Movies have always been made better by music. From the silent era, where vaudeville pianos filled empty space to the strings and brass bands of the jazz age, music progressed with moving image art to reflect the popular tastes. But ever since the 1960s, pop music cemented its cultural dominance and the pop song became centrepiece to countless movies. From then on flows a rich history of sterling songwriters penning original songs for Hollywood and the avant-garde alike.
Sights and Soundtracks is a SMACK column dedicated to the marriage between pop music and film. Rather than review a particular soundtrack album as a standalone work, S&S focuses on a pop song written specifically for a film, with reference to the surrounding work. The goal is to analyze the film and the song, and discuss why the two pair so well – or so poorly – together. Whether the song or the film is good or bad, the songwriter’s response to the film, or director’s response to the song, can serve as the focal point to two works. Stay tuned to SMACK Media for regular additions to this series.

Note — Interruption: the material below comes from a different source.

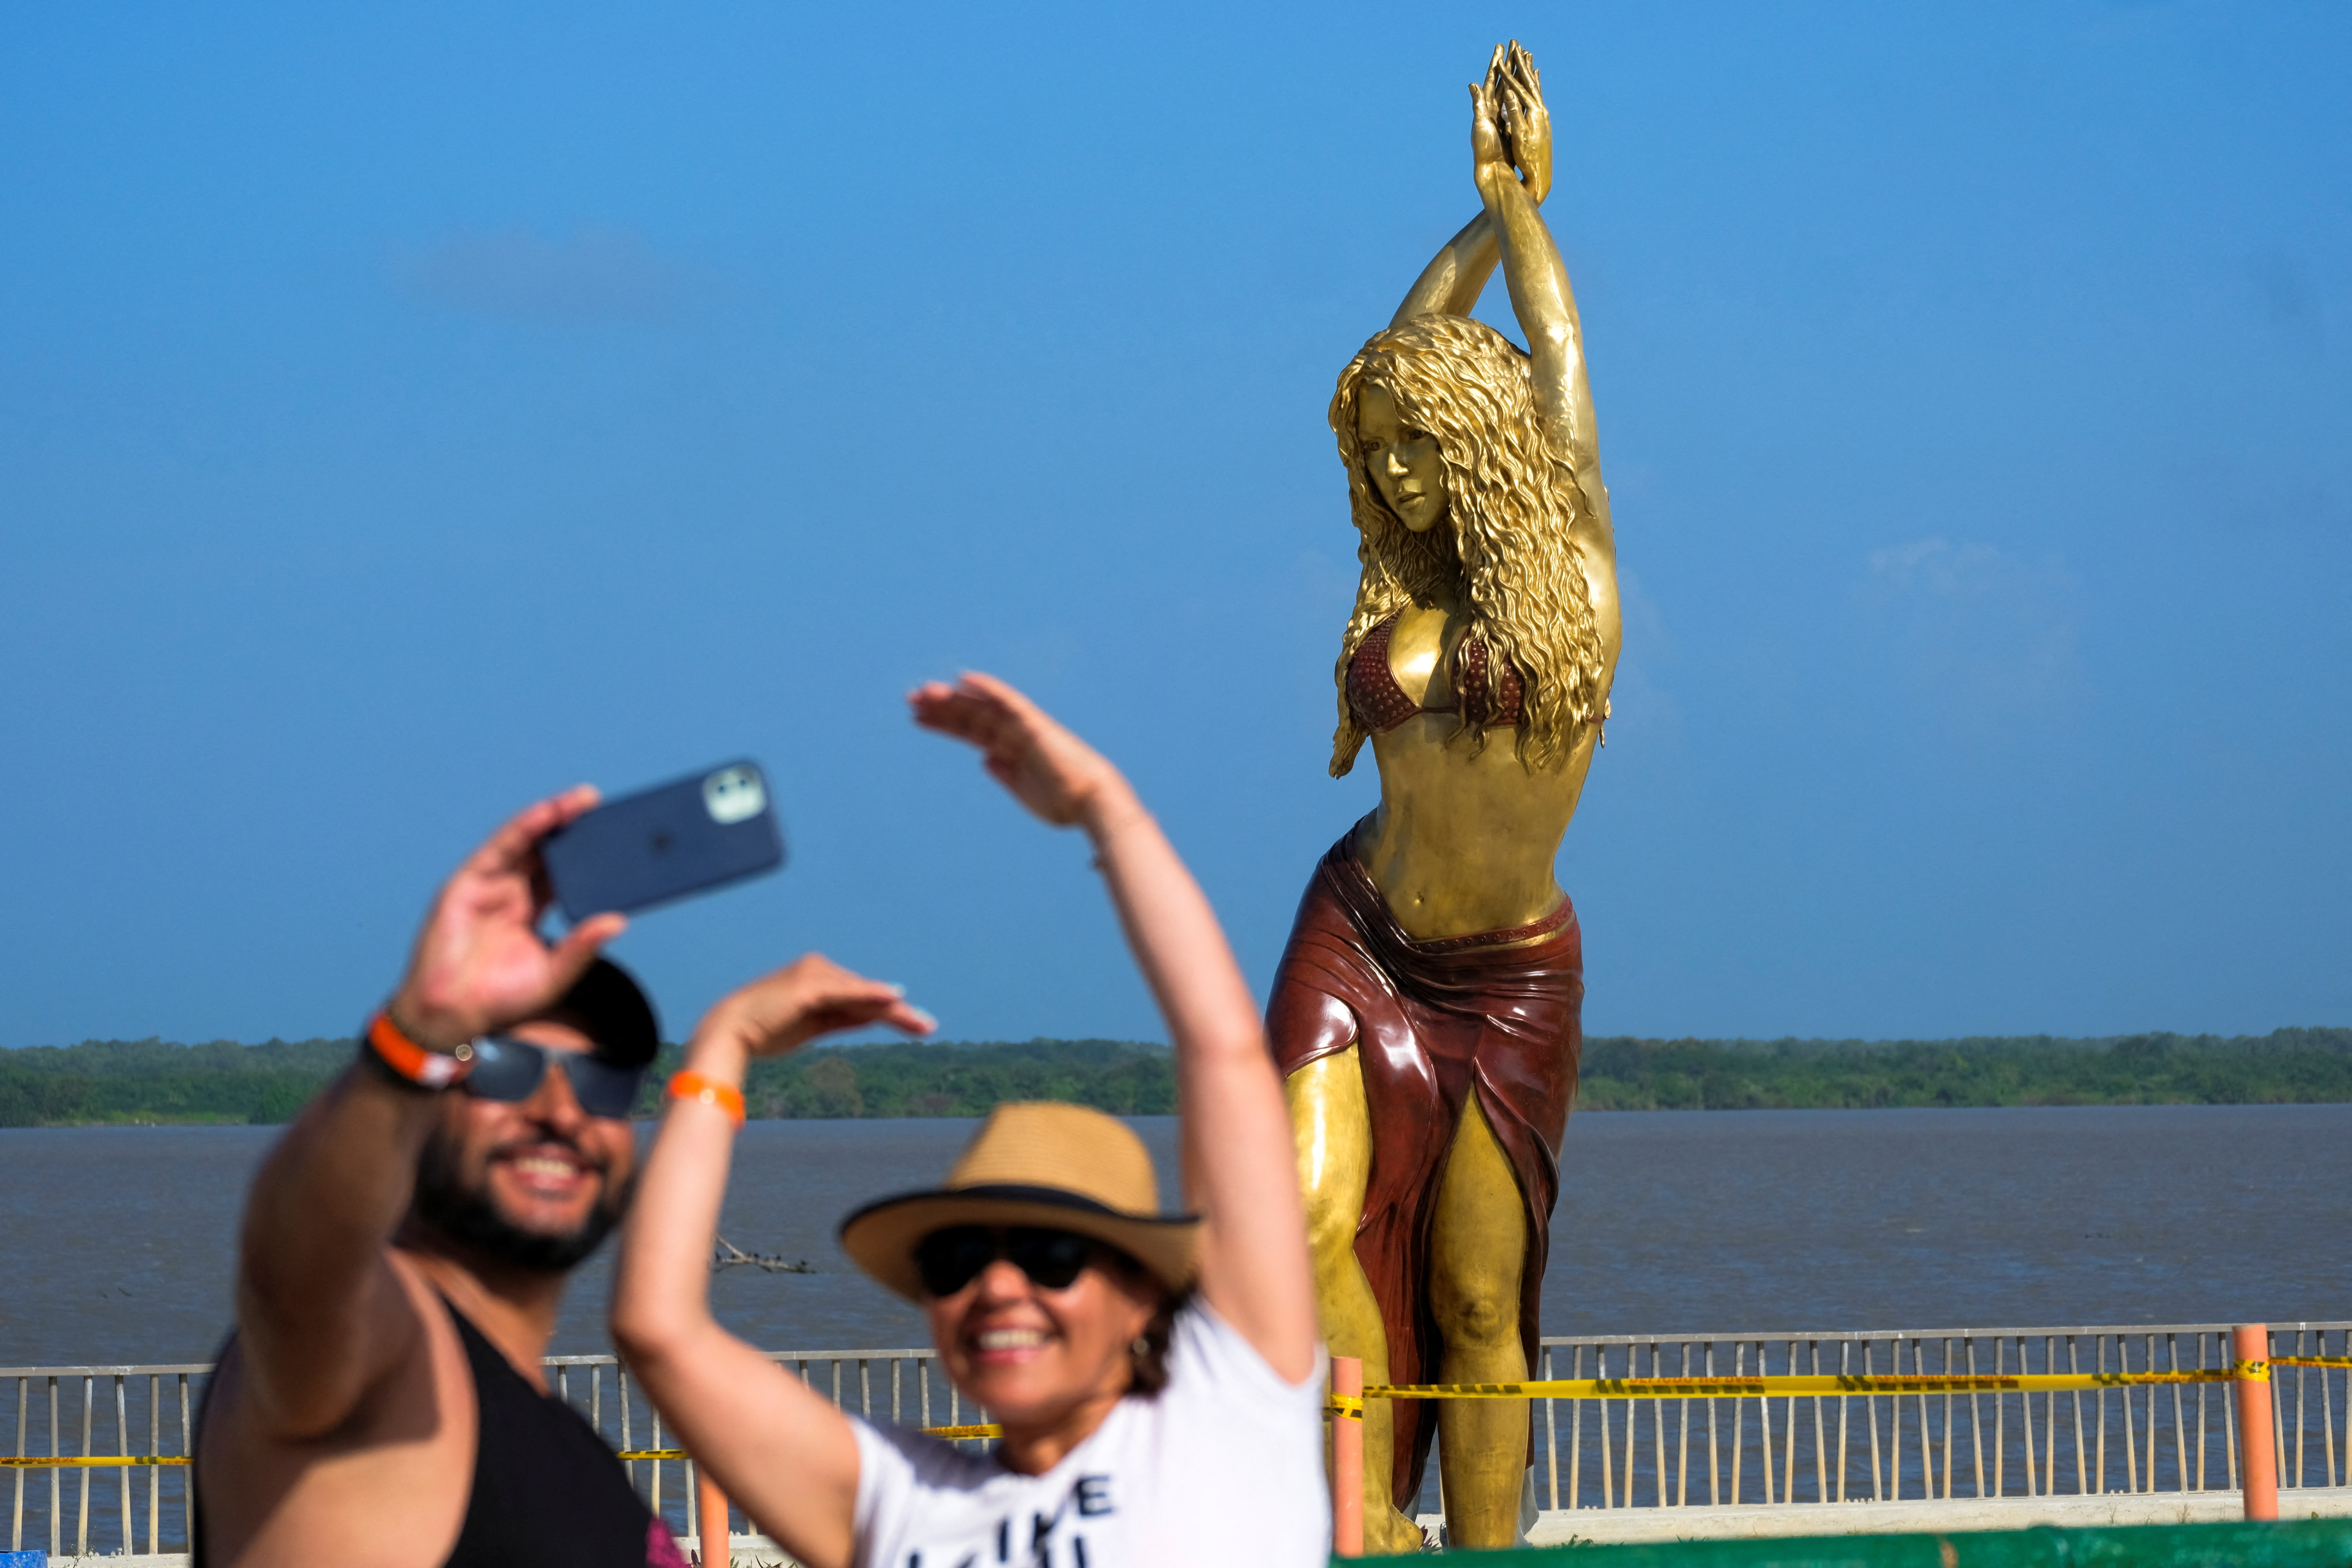 Shakira's Legacy: A Bronze Ode to Music and Philanthropy in Barranquilla
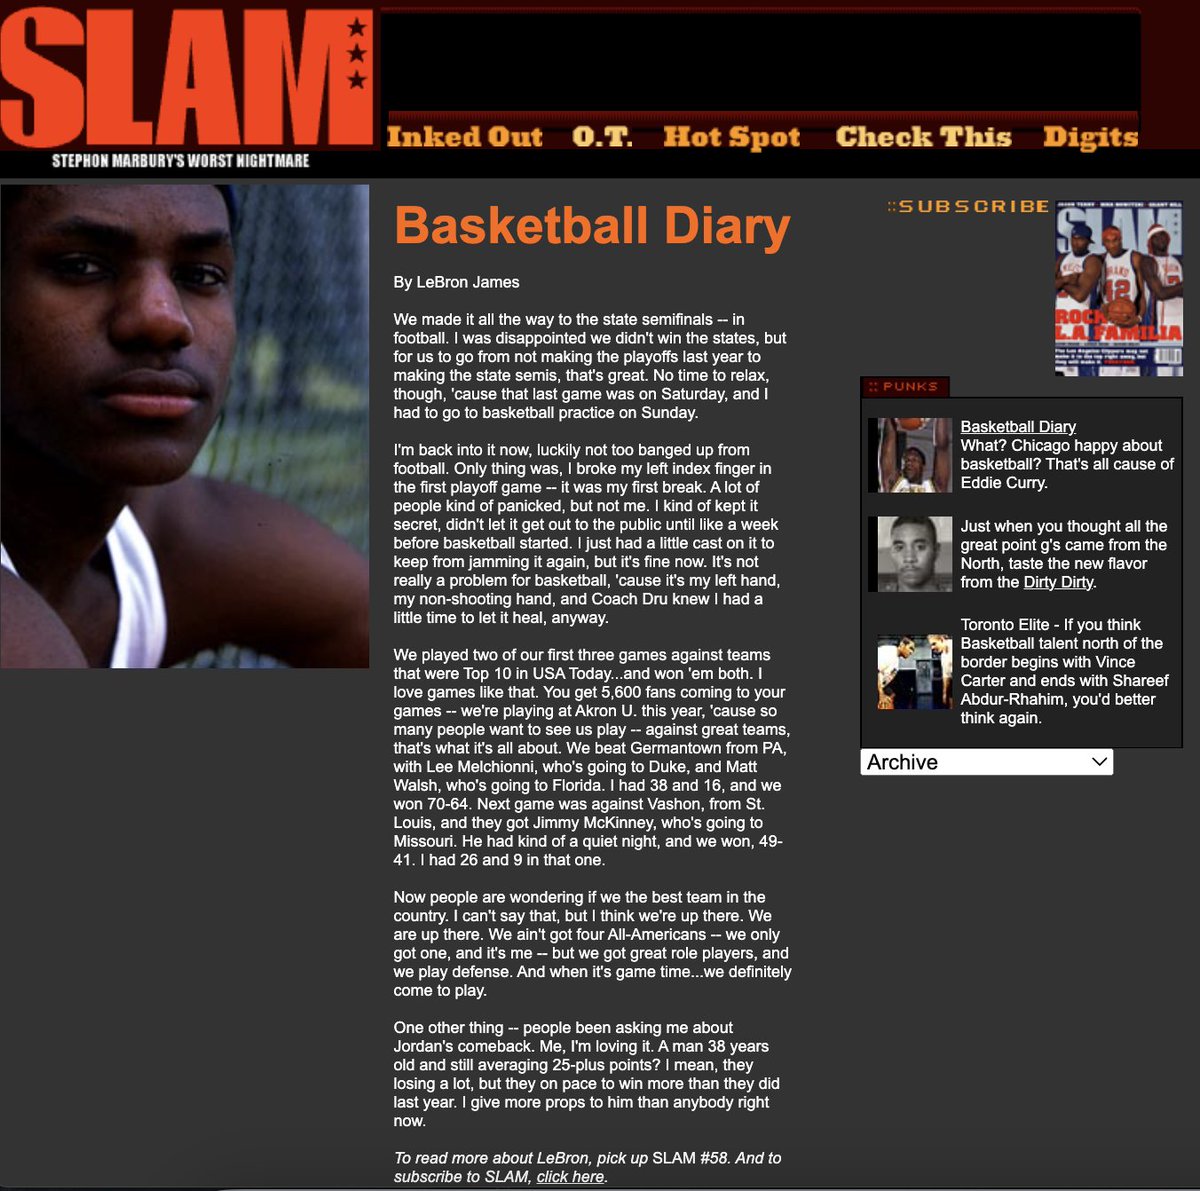 A screenshot of SLAM's website on Feb 7, 2002 And I agree - a 38-year-old averaging 25+ points per game is crazy

The anomalous pairing of Prince and Batman is difficult to imagine in 2021 when superhero movies like Joker (2019) hit you over the head by licensing “Send in the Clowns.” Instead, Prince’s reimagining of the Caped Crusader as the Caped Philanderer in “Batdance” is more akin to “WAP” penned as an original number for Aquaman (2018). While I won’t argue with the financial problem this creates for modern producers’ adherence to mass-appeal fan service, the part of me that loves unrestrained creativity reels at such laughable dissonance. And dissonance abounds in the union of Batman (1989) director Tim Burton and the Purple One, whose inexplicability reveals itself not as a dynamic duo of cinematic and musical artistry, but rather an awkward unity of intellectual property and mismatched visions.
American superstar Prince Roger Nelson had a long and convoluted career from DIY-funk wunderkind to stadium-status soft-core pornographer. The run from Dirty Mind to Diamonds and Pearls is an envious hot streak. He took popular sensuality to dizzying new heights on tracks like “Do Me, Baby,” “If I Was Your Girlfriend” and “Darling Nikki”. For an artist who was so completely musical, it’s easy to forget that some of Prince’s best work was sountracking feature films of his own devising, such as Purple Rain (1984) and Under the Cherry Moon (1986). This cinematic vision produced greatness even when there was no actual film to accompany it (see 1987’s Sign "☮︎" the Times). Despite this, Prince’s soundtracking of Batman is a hard sell, one that needs a bit of explaining.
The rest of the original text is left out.